In hindsight, this should have been when I realised that Spectre vulnerabilities were possible.
A common issue when trying to optimise systems with built-in prefetching: you find an expensive operation which dies loads of prefetching, you optimise out the prefetching, operation gets slower.
Turns out the prefetching did a great job, the data was needed a bit later but now instead of being bulk prefetched it’s loaded on-demand, and the number of queries has increased by 3 orders of magnitude.
I’ve wasted a lot of time on profiler-guided deoptimisations.
We’d written our own code to read from a socket in Java. Someone who was most definitely probably maybe not me had hardcoded for no good reason 128-byte reads from a socket regularly going to have several megabytes read. We didn’t catch it for several releases until someone else who was definitely not me introduced a bug that cause that socket to be read once instead of until it closed or we hit the number of bytes expected. We celebrated a significant performance increase in the next release, having increased to something like 128-kilobyte reads if not megabyte reads.

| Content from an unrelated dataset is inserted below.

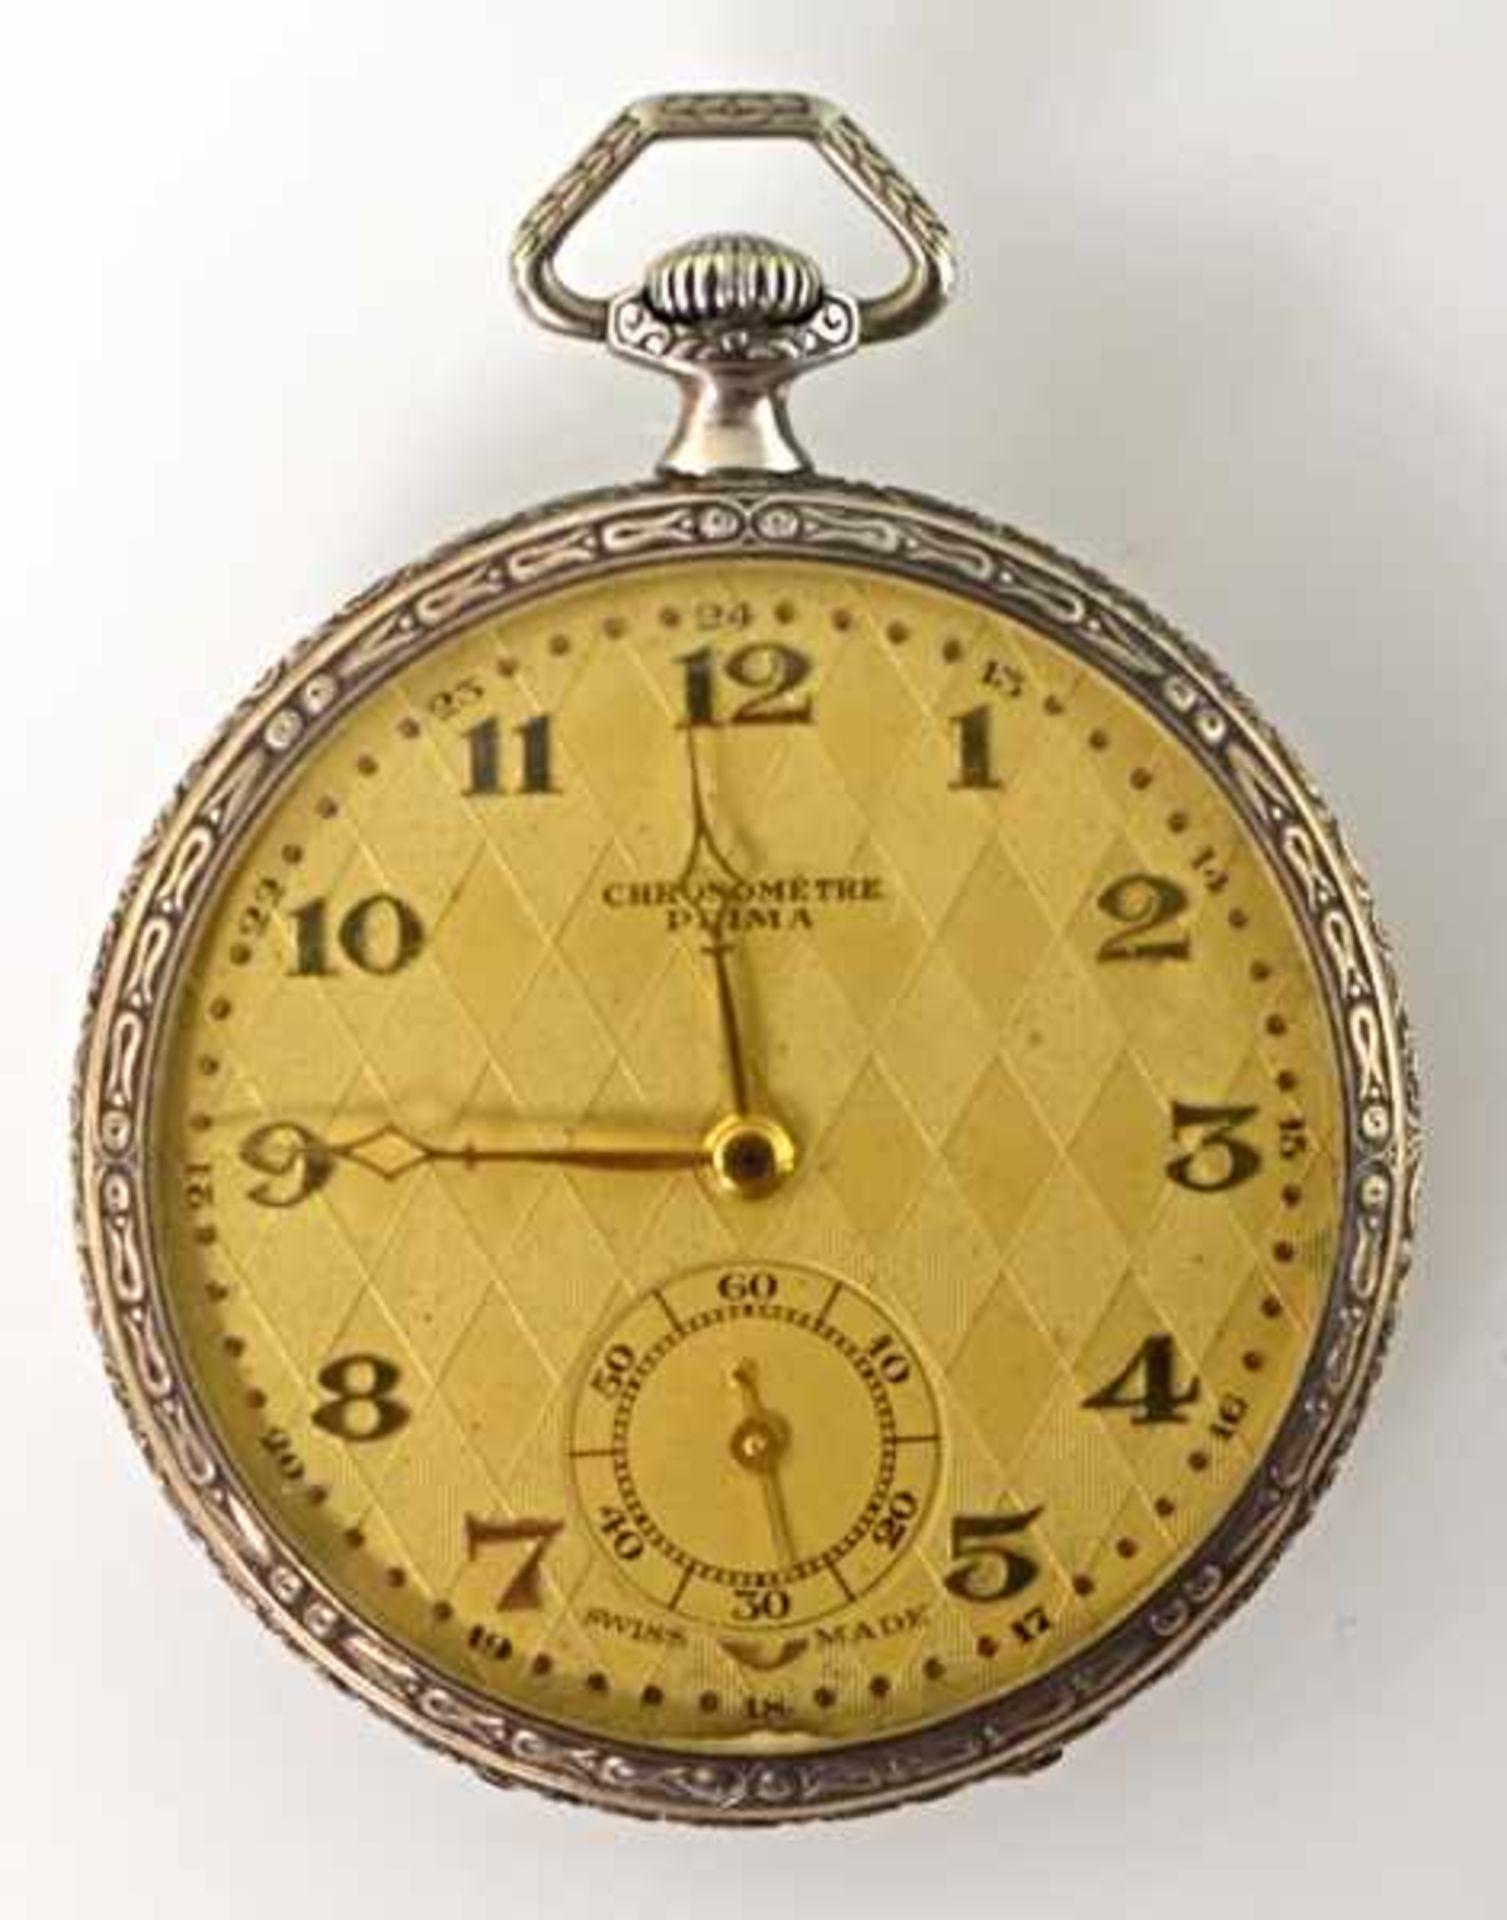 TASCHENUHR Chronomètre Prima, verziertes Silbergehäuse, goldfarbenes Ziffernblatt mit Rautendekor,
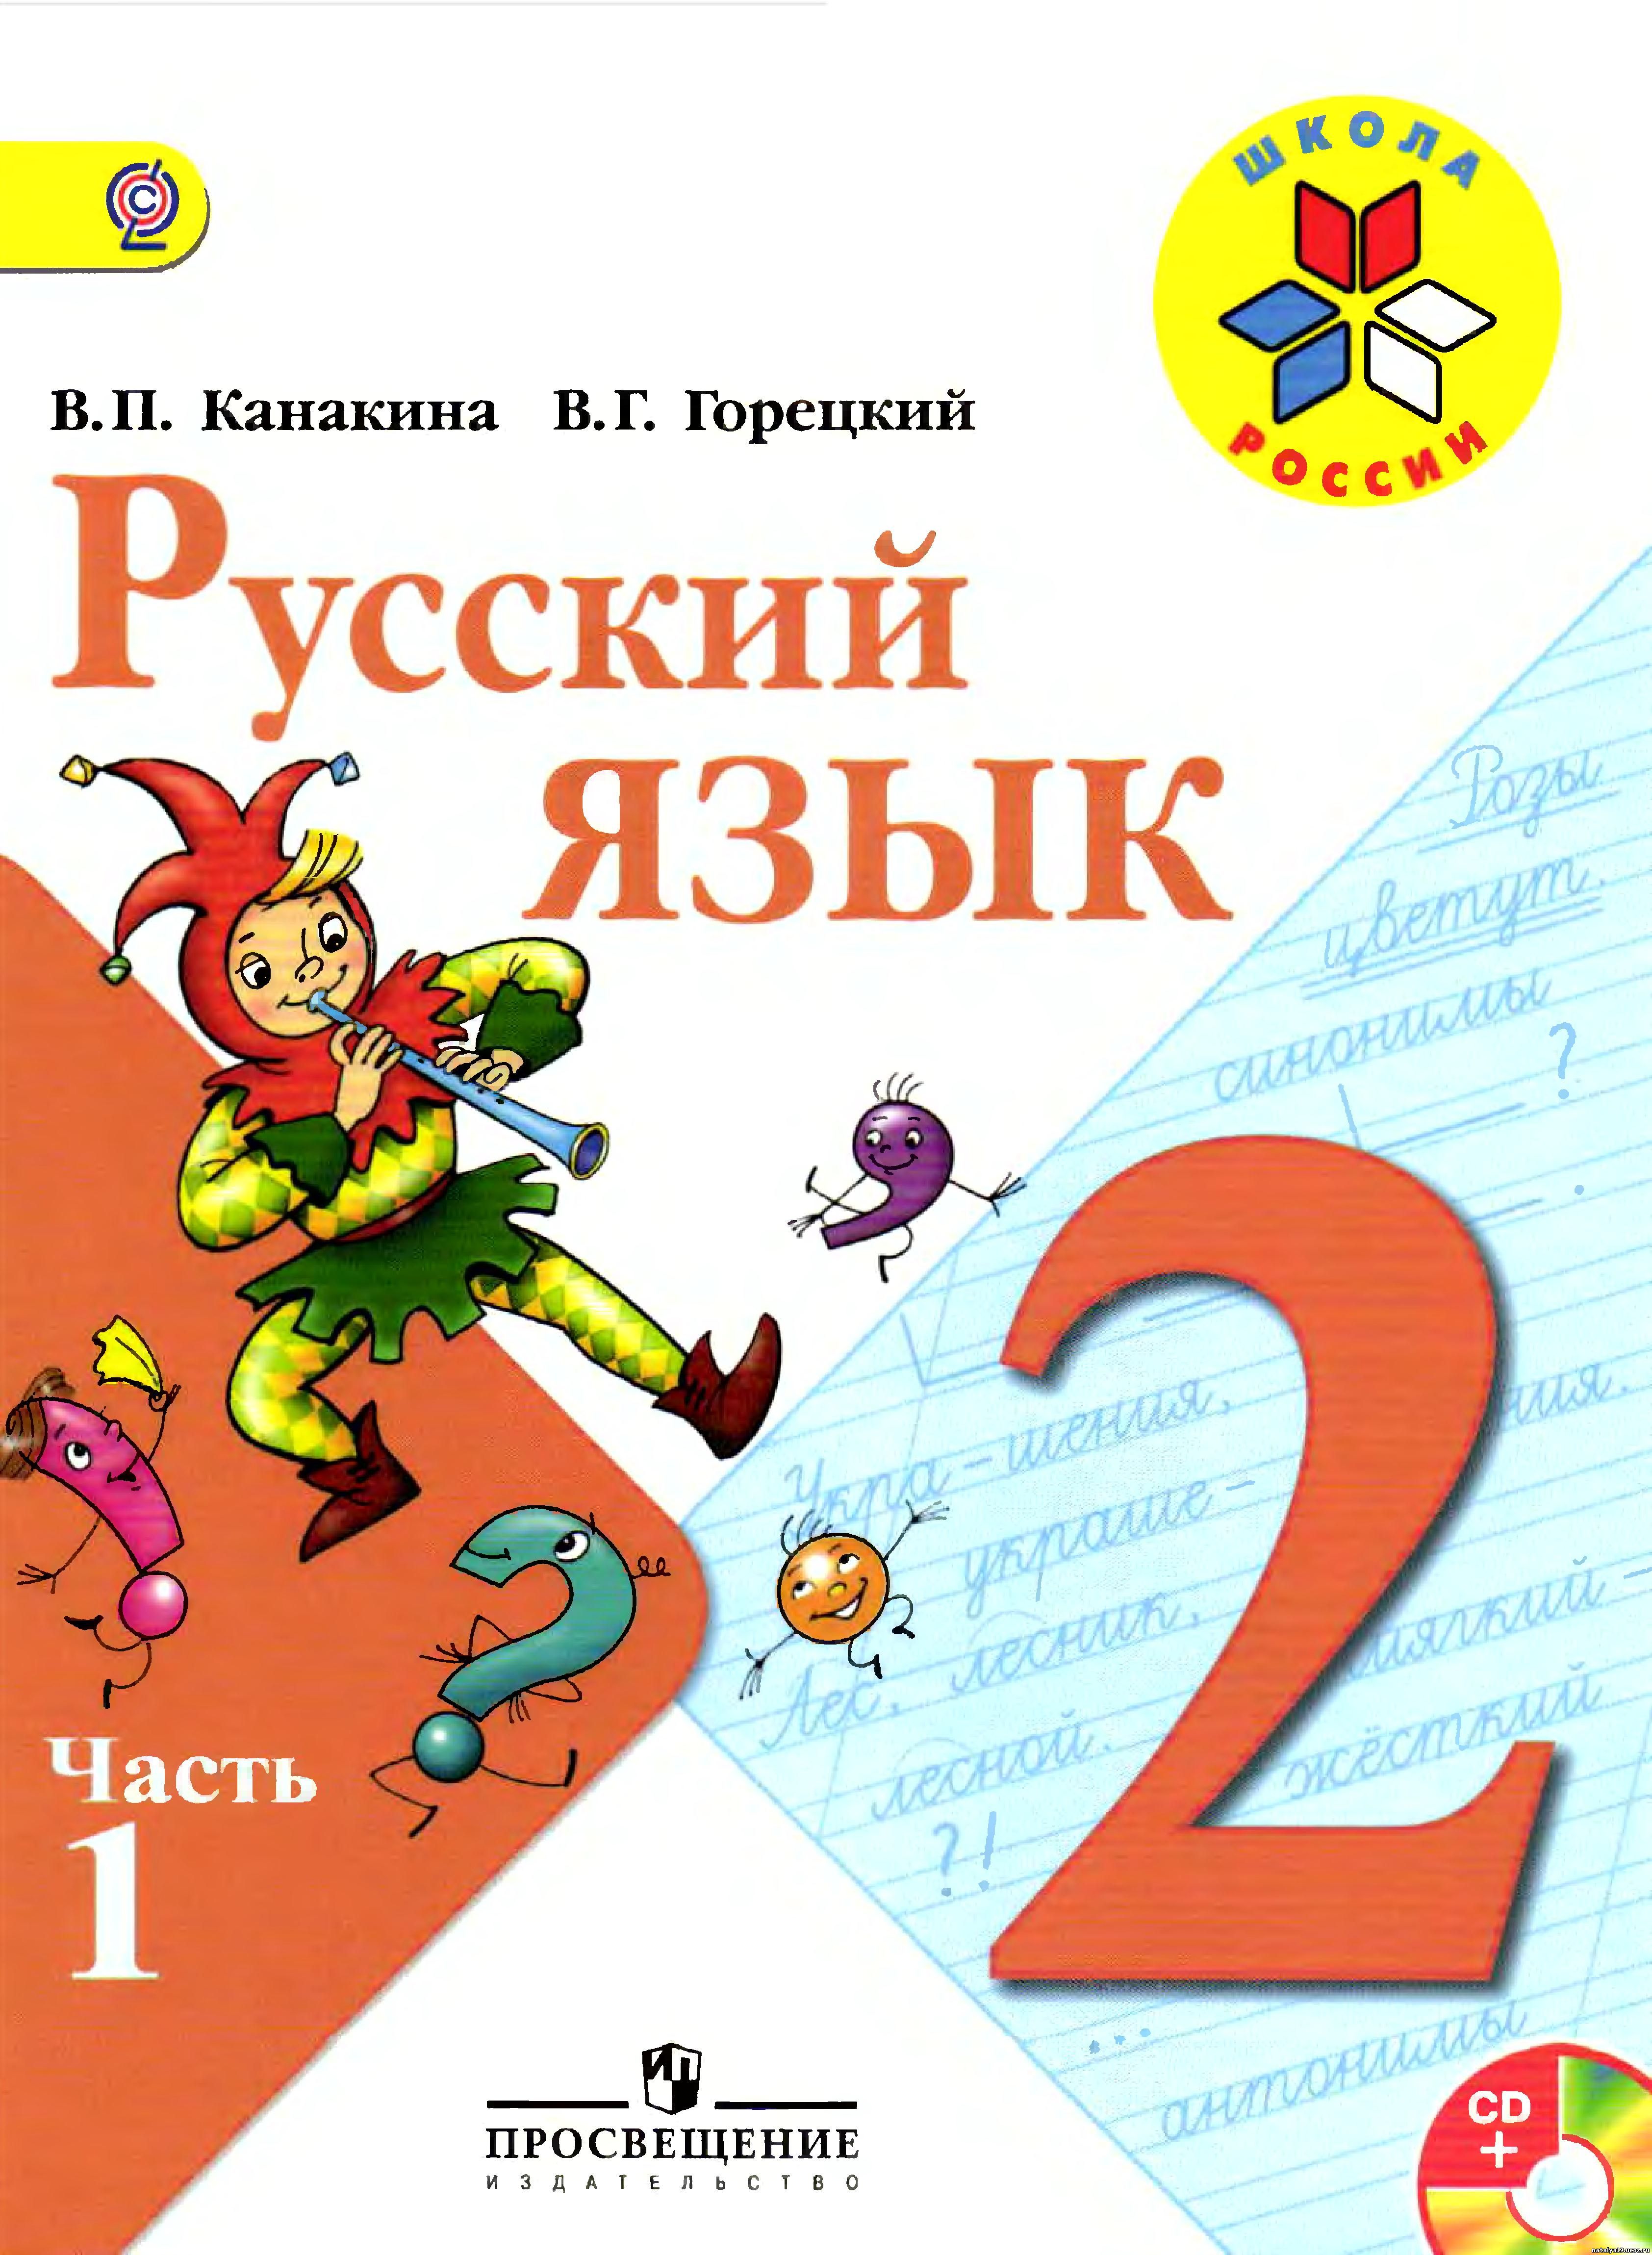 2класс школа россии поурочные разработки по математике скачать бесплатно без регистрации

Not necessarily an application performance but a team/infra performance increase. Some of the details are foggy, but I worked at a company that wanted to add search to a long list of items in a separate PostgreSQL database. The main database was approximately 1.5T in size. The design the team came up with was this new service that would slurp up all the data into an Elasticsearch cluster and then build specific searches around templates. Seems reasonable, and often what is reached for right? Sure, until our database guy chimed in one day and said, “You know… instead of spending $20k on this application’s infrastructure, you could just use the full-text search capabilities in PostgreSQL.”
Thankfully the team listened and not only did we save a bunch of cash, development time went from 3 months to build the service to a month or so to get the frontend assets right. It was awesome to see. PostgreSQL is great.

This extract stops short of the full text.